Lebanese Eurobonds Market showed an improvement during the week, as reflected by the BLOM Bond Index that inched up 0.35% during the week to 102.79 points. Nevertheless, the Lebanese Eurobond Market was outperformed by bonds in emerging markets, which is mirrored by the JP Morgan Emerging Markets’ Bond Index that added a weekly 1.58% to 667.62 points.
The yields on the 5Y and 10Y Lebanese Eurobonds dropped by 14 basis points (bps) and 5 bps, during the week, to 6.50% and 6.89%, respectively.

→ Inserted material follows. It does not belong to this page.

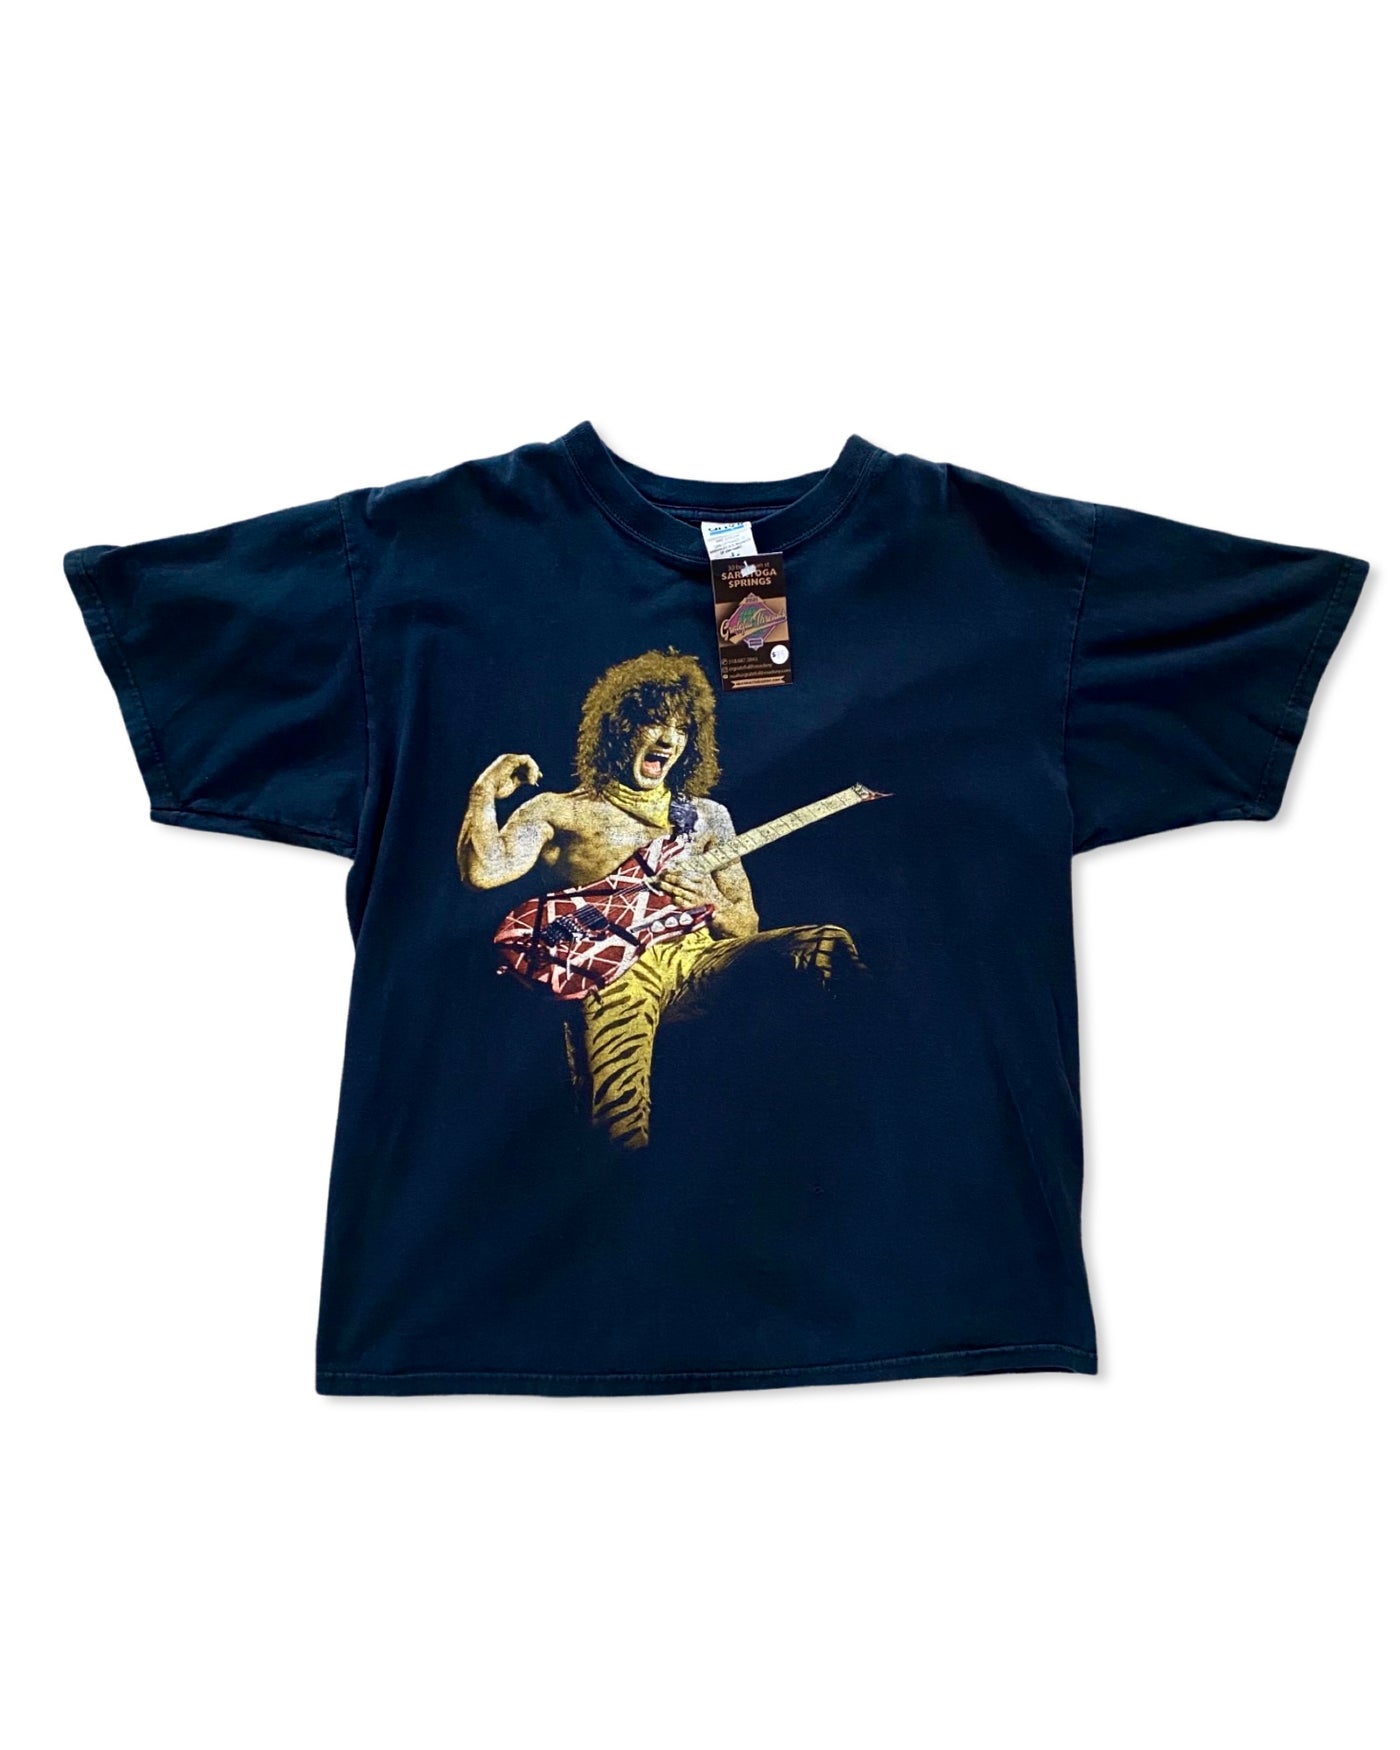 Vintage Van Halen T-Shirt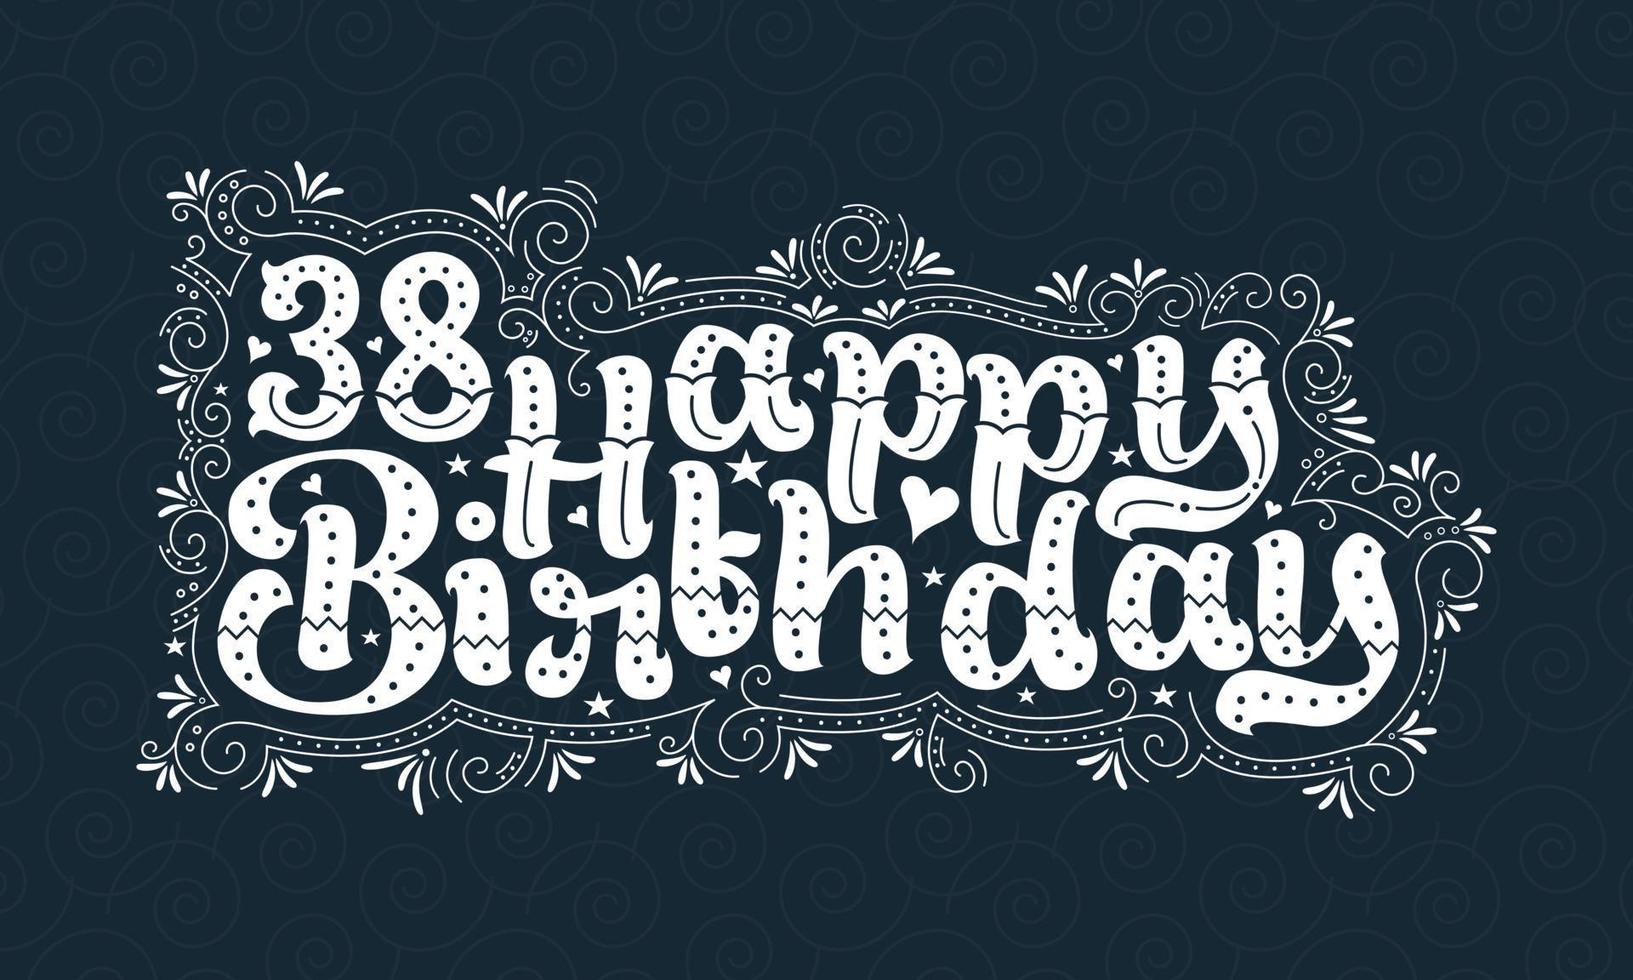 38:e grattis på födelsedagen bokstäver, 38 års födelsedag vacker typografidesign med prickar, linjer och löv. vektor

Similarly, demand for US treasuries continued to increase over the week, as shown by the yields on the 5Y and 10Y US treasuries that declined by 4 bps and 2 bps, to 1.40% and 2%, respectively. As oil and stock markets follow bearish trends, investors fear that the increase in inflation rate would not be sustained and hence expect that the Federal Reserve would have to slow the pace of interest rates increase. This was confirmed by the dovish statement of the FOMC, hence pushing demand for Eurobonds higher.
Consequently, the spread between the yields on the 5Y and 10Y Lebanese Eurobonds and their US comparable narrowed to 510 bps and 489 bps, from last week’s 520 bps and 492 bps, respectively.